Ji Zhe 吉喆

Personal information
- Born: 14 October 1986 Shenyang, Liaoning, China
- Died: 5 December 2019 (aged 33) Beijing, China
- Listed height: 203 cm (6 ft 8 in)
- Listed weight: 100 kg (220 lb)

Career information
- College: Northeastern University
- Playing career: 2005–2018
- Position: Power forward
- Number: 51

Career history
- 2005–2007: Liaoning
- 2007–2018: Beijing Ducks

Career highlights and awards
- 3× CBA champion (2012, 2014, 2015); No.51 retired by the Beijing Ducks;

= Ji Zhe =

Chinese basketball player (1986–2019)

Ji Zhe (吉喆; 14 October 1986 – 5 December 2019) was a Chinese professional basketball player for the Beijing Ducks of the Chinese Basketball Association (CBA). Playing the position of power forward for the Ducks, he won three CBA championships and served as the team's captain.

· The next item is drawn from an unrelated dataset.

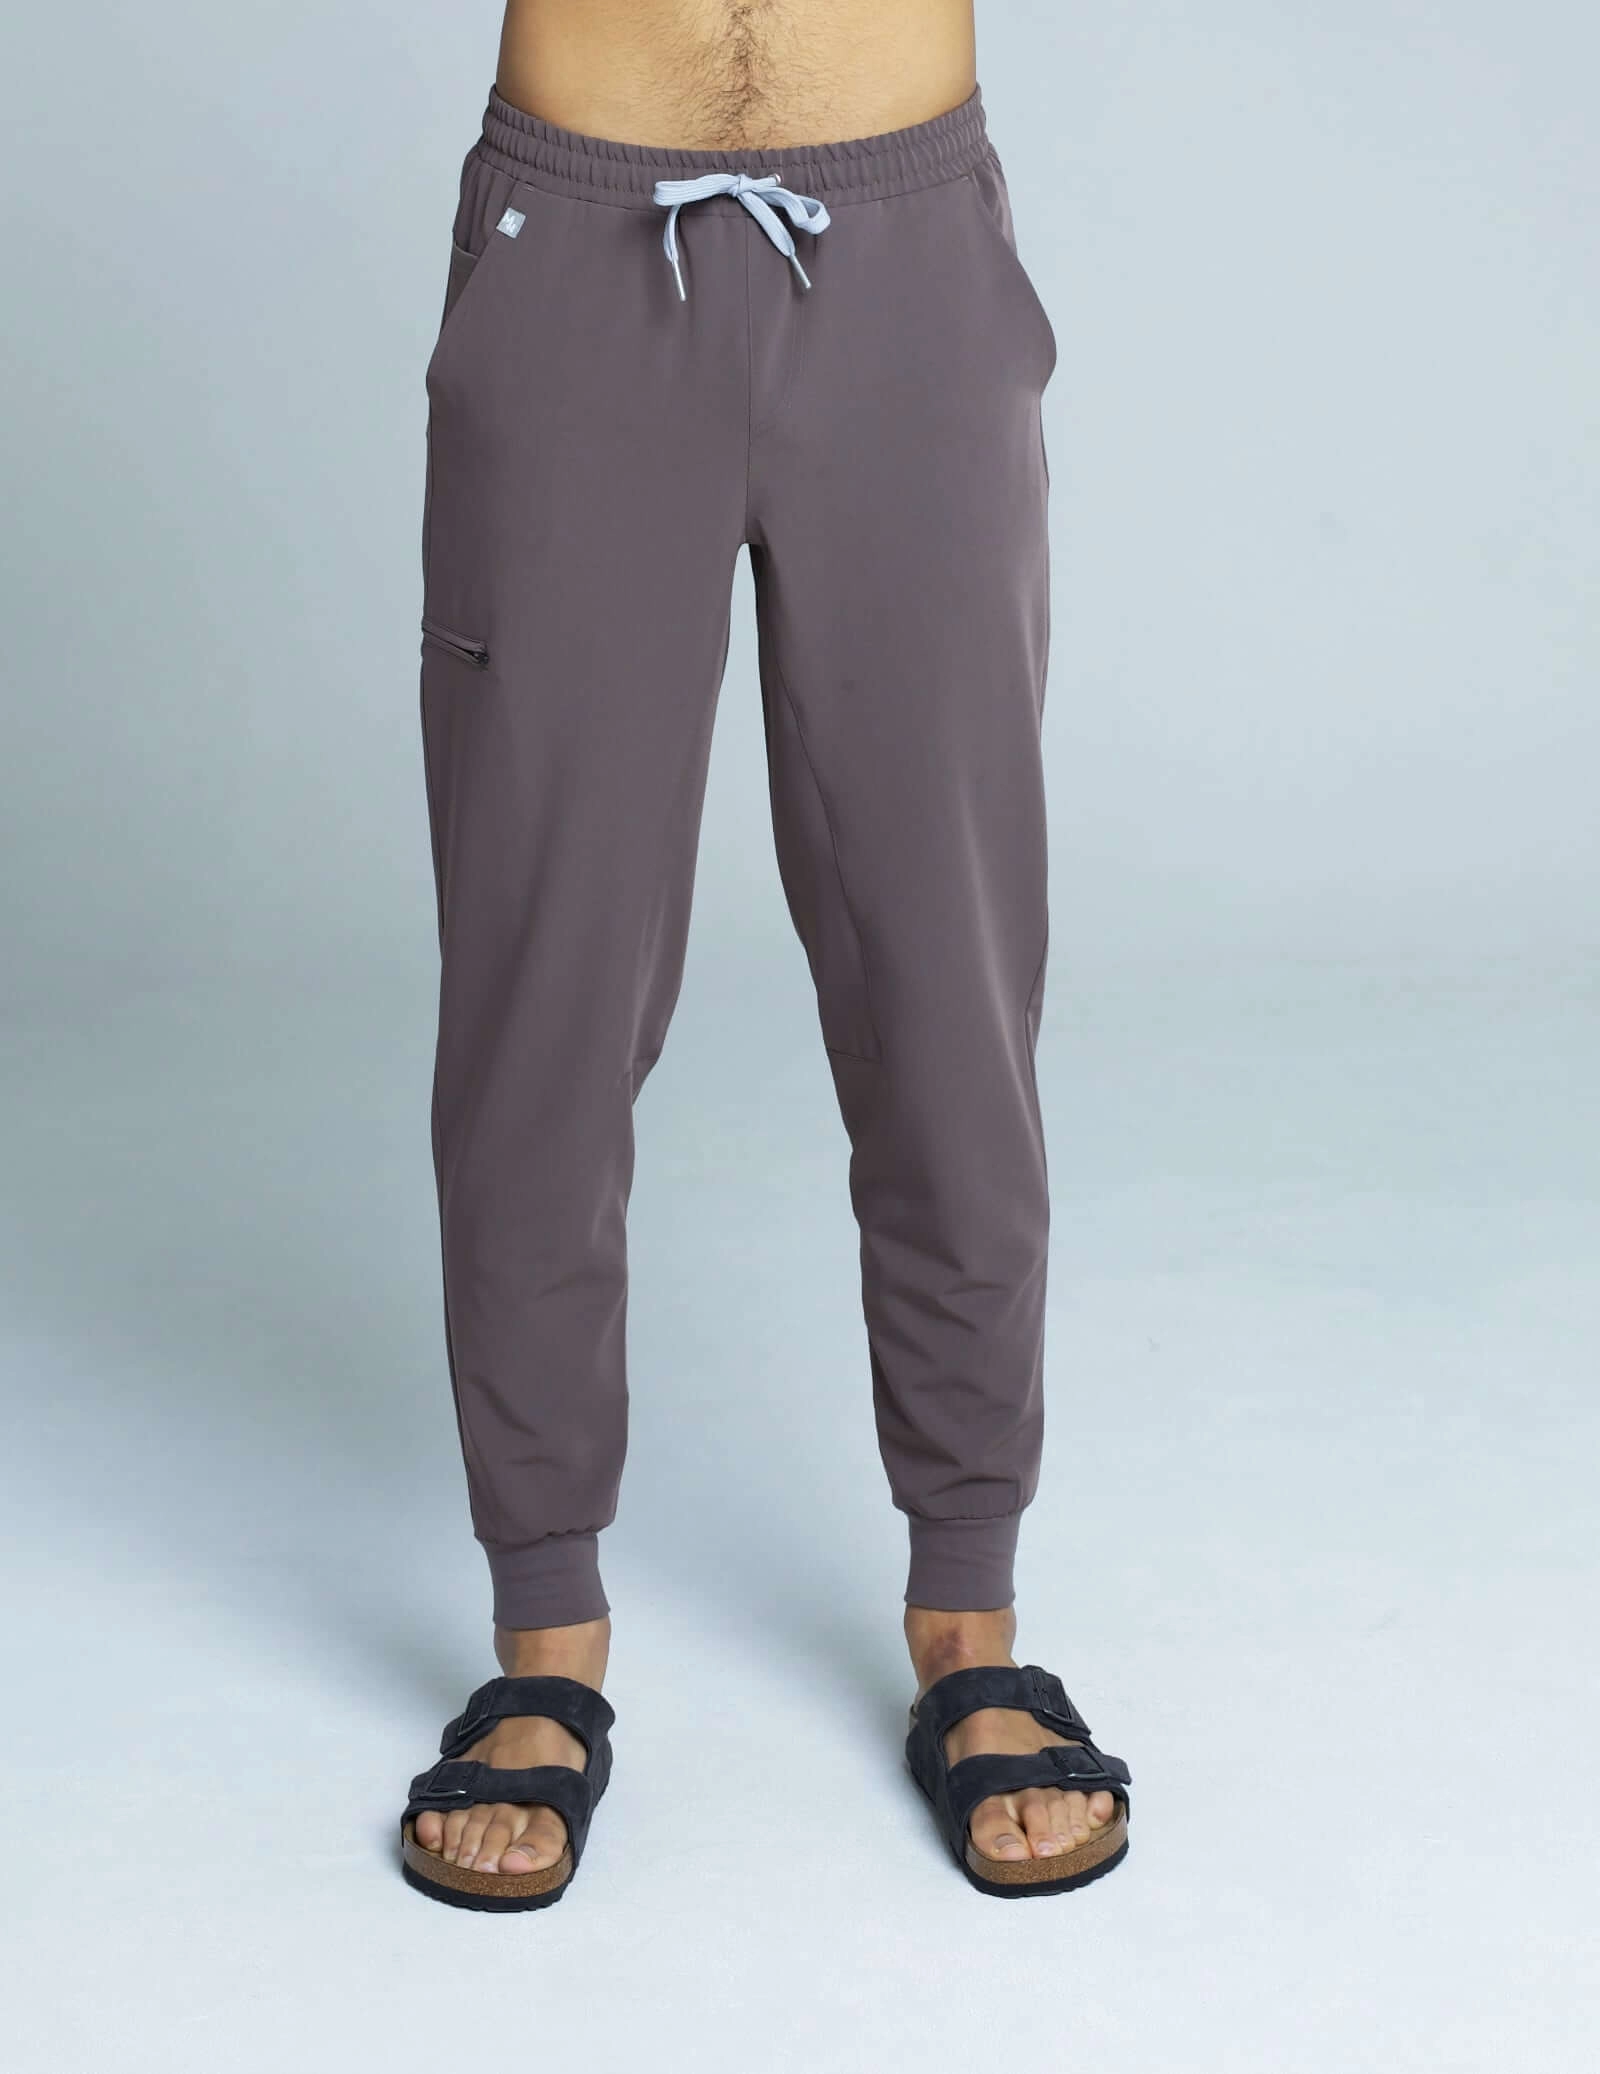 OUTLET Herren Jogger - CHOCOLATE BROWN

He died from lung cancer at the age of 33.

== Career ==
Ji Zhe was born 14 October 1986 in Shenyang, Liaoning, China. In 2005, he led the Northeastern University men's basketball team to win the 2nd Chinese University Basketball Super League championship. He was also a member of the Liaoning provincial team which finished 4th at the 2005 National Games of China.

In 2007, Liaoning loaned Ji to the Beijing Ducks of the Chinese Basketball Association (CBA). He permanently joined the Ducks in 2012. As a member of the Ducks, he won three CBA championships in 2012, 2014, and 2015. He played the position of power forward and served as the captain of the Ducks. He was listed at 2.03 m tall and weighed 100 kg.

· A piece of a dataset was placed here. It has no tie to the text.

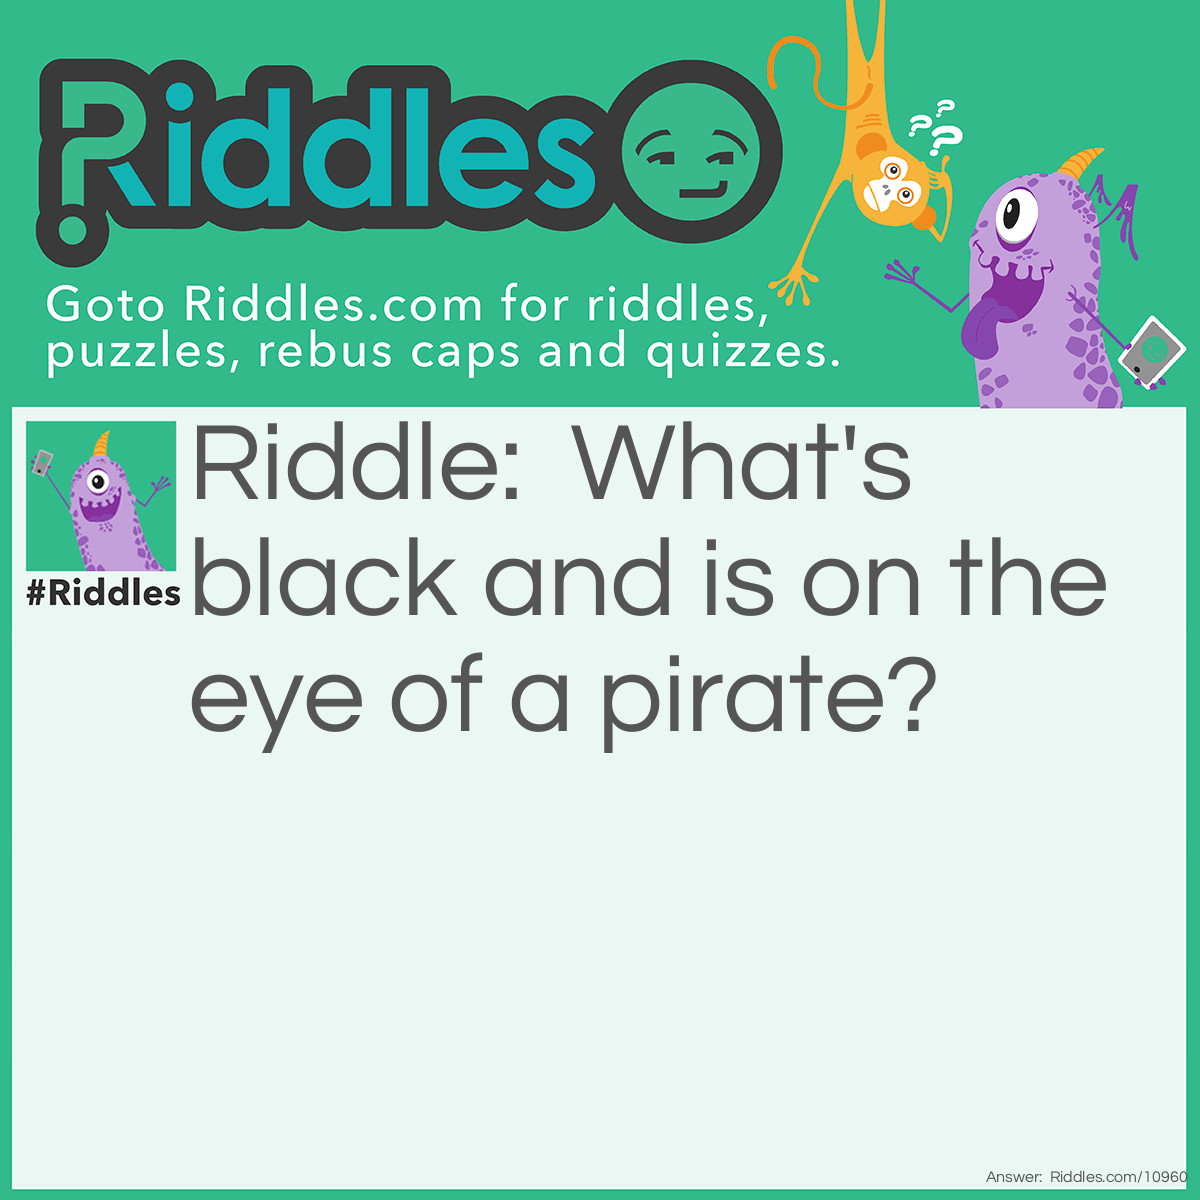 Riddle: What's black and is on the eye of a pirate? Answer: Eyepatch.

Ji played his final game on 22 March 2018, the Ducks' last game of the 2017–2018 CBA season. During his CBA career he played 434 games, averaging 23.9 minutes, 7.3 points, and 4.7 rebounds per game. He was considered a good rim protector.

== Death ==
In August 2018, Ji was diagnosed with lung cancer, but did not publicly disclose the news and quietly sought treatment in the United States. Despite more than a year of treatment, his health deteriorated and he died on 5 December 2019 at the China-Japan Friendship Hospital in Beijing, aged 33. He had a son.

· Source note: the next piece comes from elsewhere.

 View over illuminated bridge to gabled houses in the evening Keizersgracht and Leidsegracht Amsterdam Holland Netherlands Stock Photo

On 8 December 2019, the Ducks' played their first home game after Ji's death as a tribute to him, and all Ducks players wore his No. 51 jersey before the game. The team placed a T-shirt with the number 51 on each of the 18,000 seats inside the Wukesong Arena and retired the number. Many players and fans were in tears. The Ducks defeated the visiting Shenzhen Aviators by the score of 102 to 100, with Jeremy Lin scoring three free throws in the final seconds of the game. Lin called the comeback victory a "miracle".

== In popular culture ==
In the 2016 film My Other Home, a biopic of Ji's former Ducks teammate Stephon Marbury, the Taiwanese-Canadian actor Godfrey Gao portrayed the player based on Ji. By coincidence, Gao died suddenly at the age of 35, eight days before Ji's death.